# EXERCISE DIRECTIONS:
Reproduce the listing in its entirety. Do not reproduce the pictures.

# COLLECTED MATERIAL:
┏━━
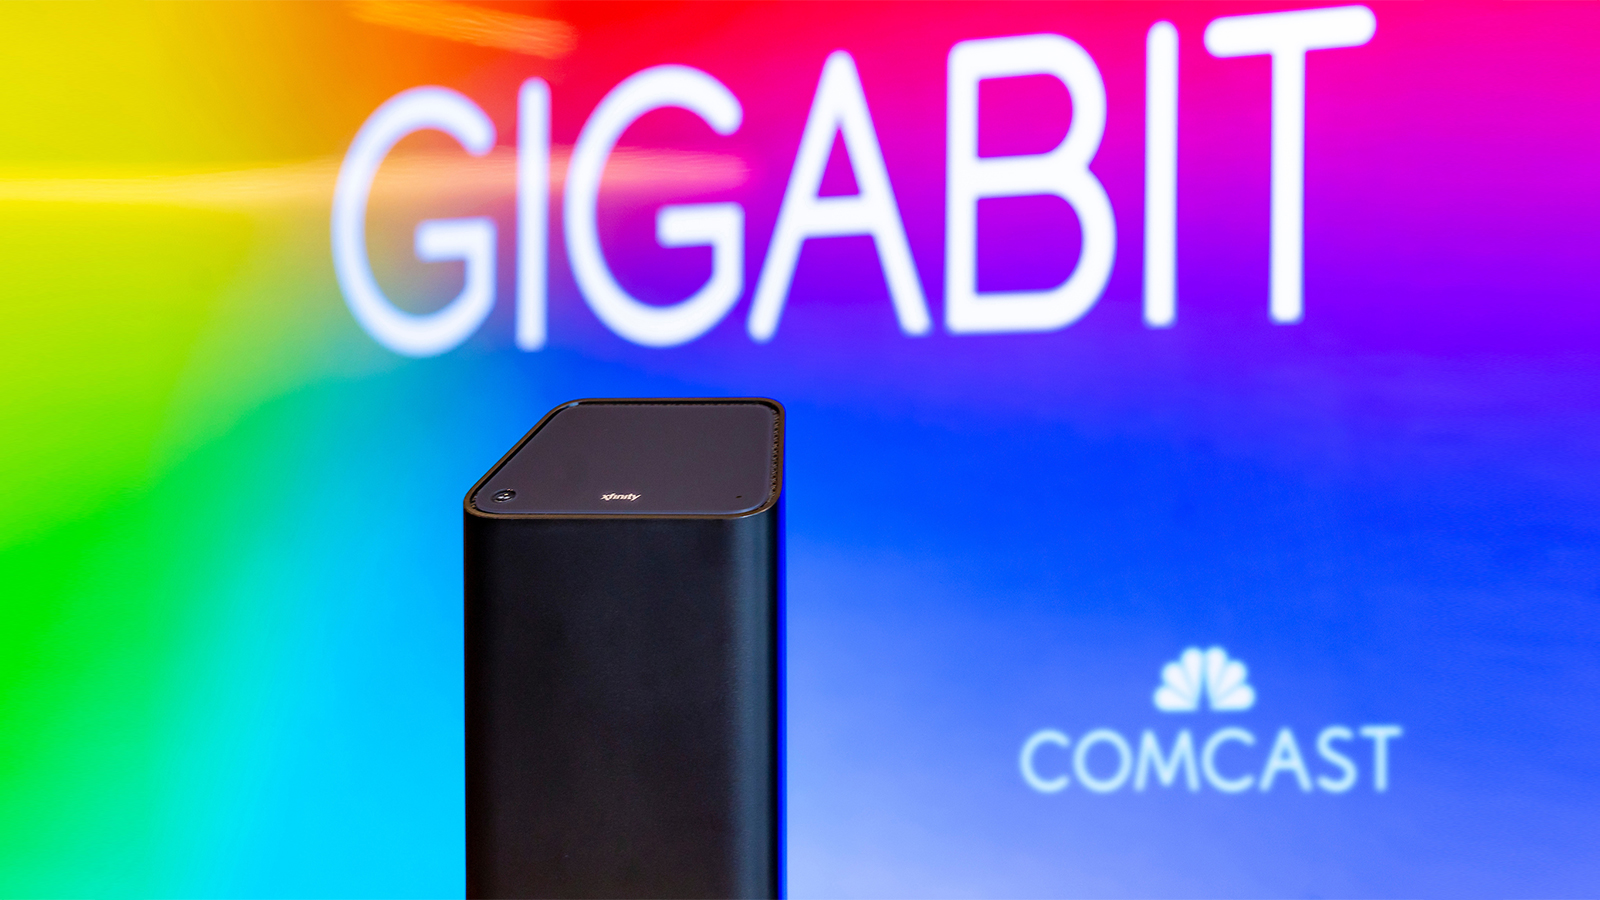 An Xfinity xFi gateway displayed in front of the Comcast logo.
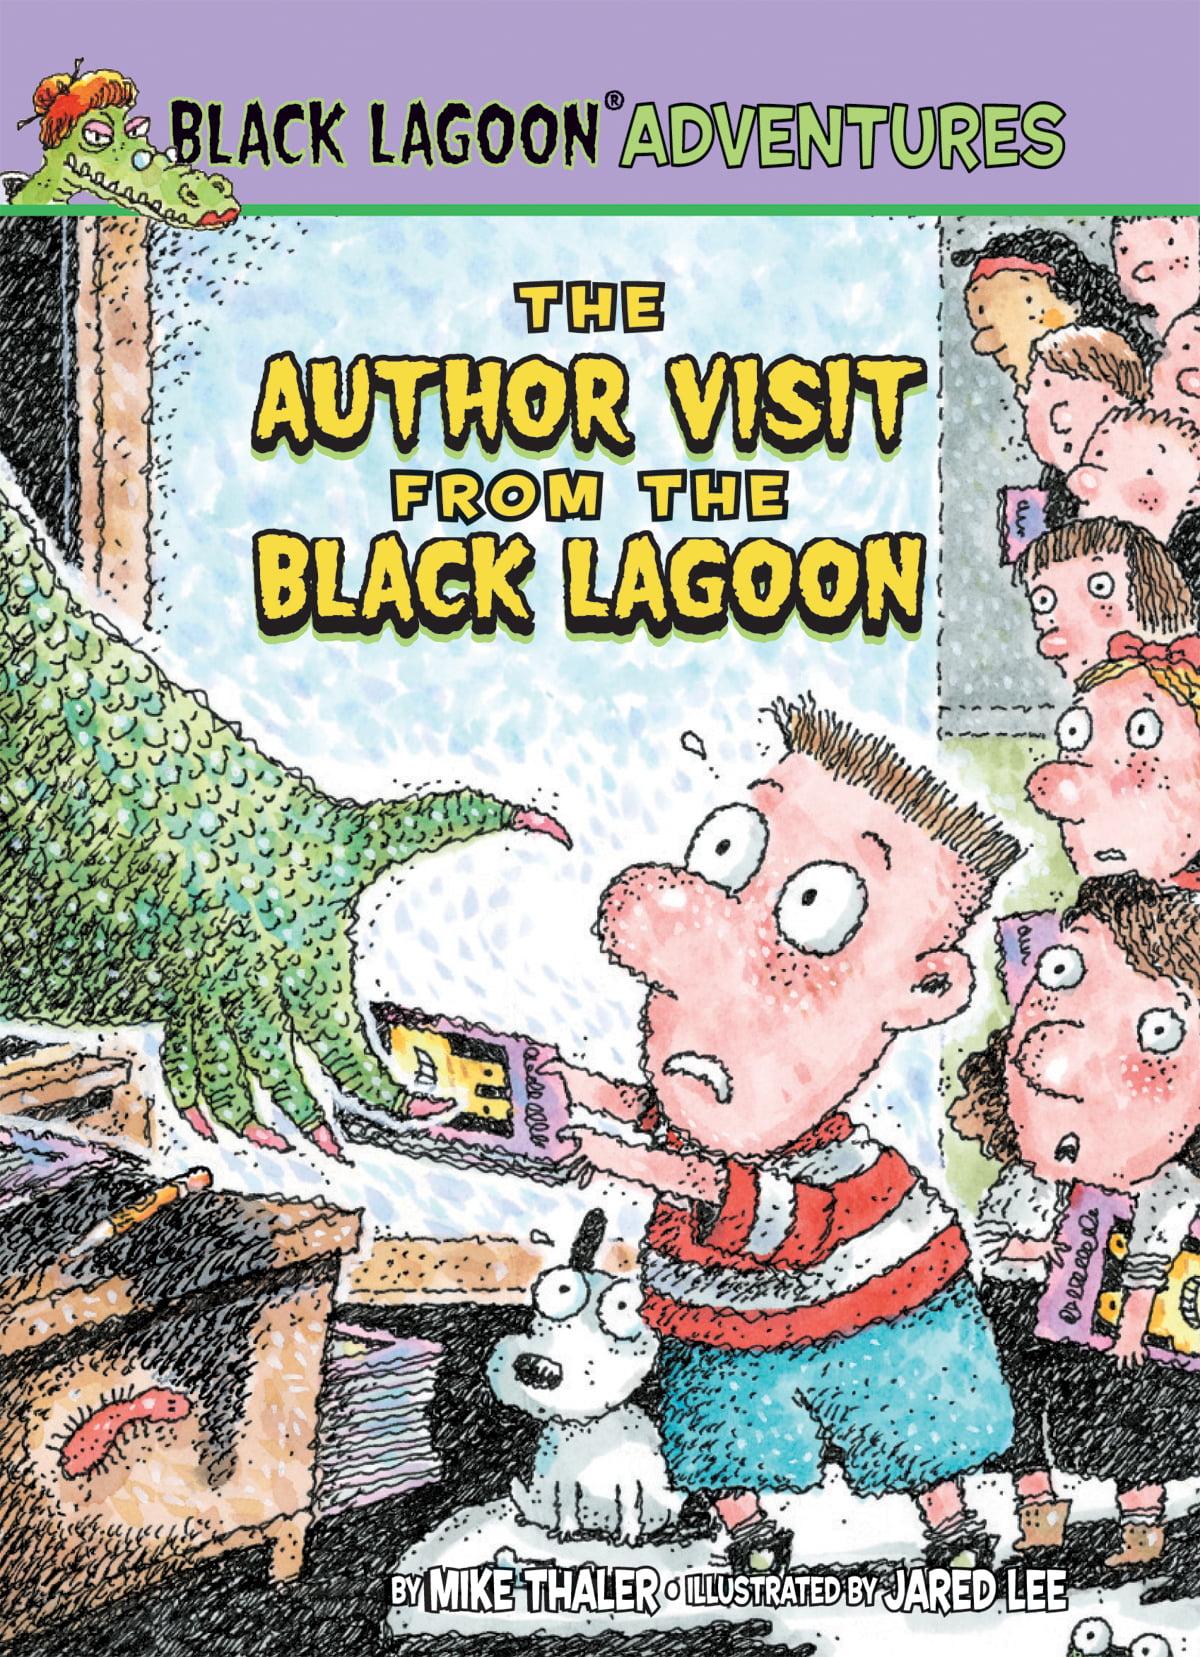 the book report from the black lagoon
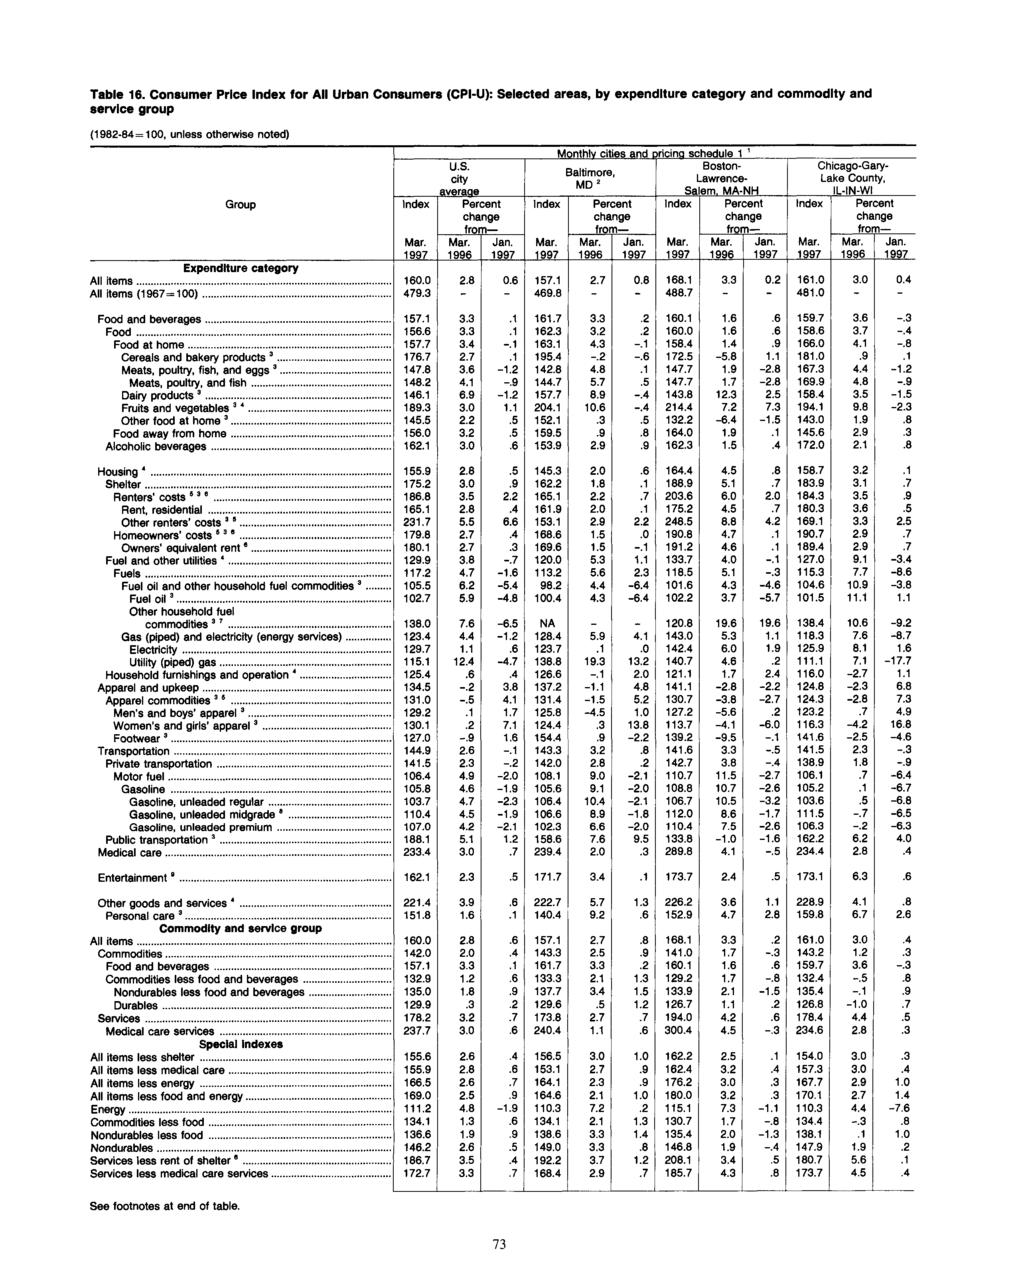 Table 16. Consumer Price for All Urban Consumers (CPI-U): Selected areas, by expenditure category and commodity and service group U.S. city average Group Jan.
┗━━
# ANSWER FOR THIS EXERCISE:
 An Xfinity xFi gateway displayed in front of the Comcast logo.
 the book report from the black lagoon
 Table 16. Consumer Price for All Urban Consumers (CPI-U): Selected areas, by expenditure category and commodity and service group U.S. city average Group Jan.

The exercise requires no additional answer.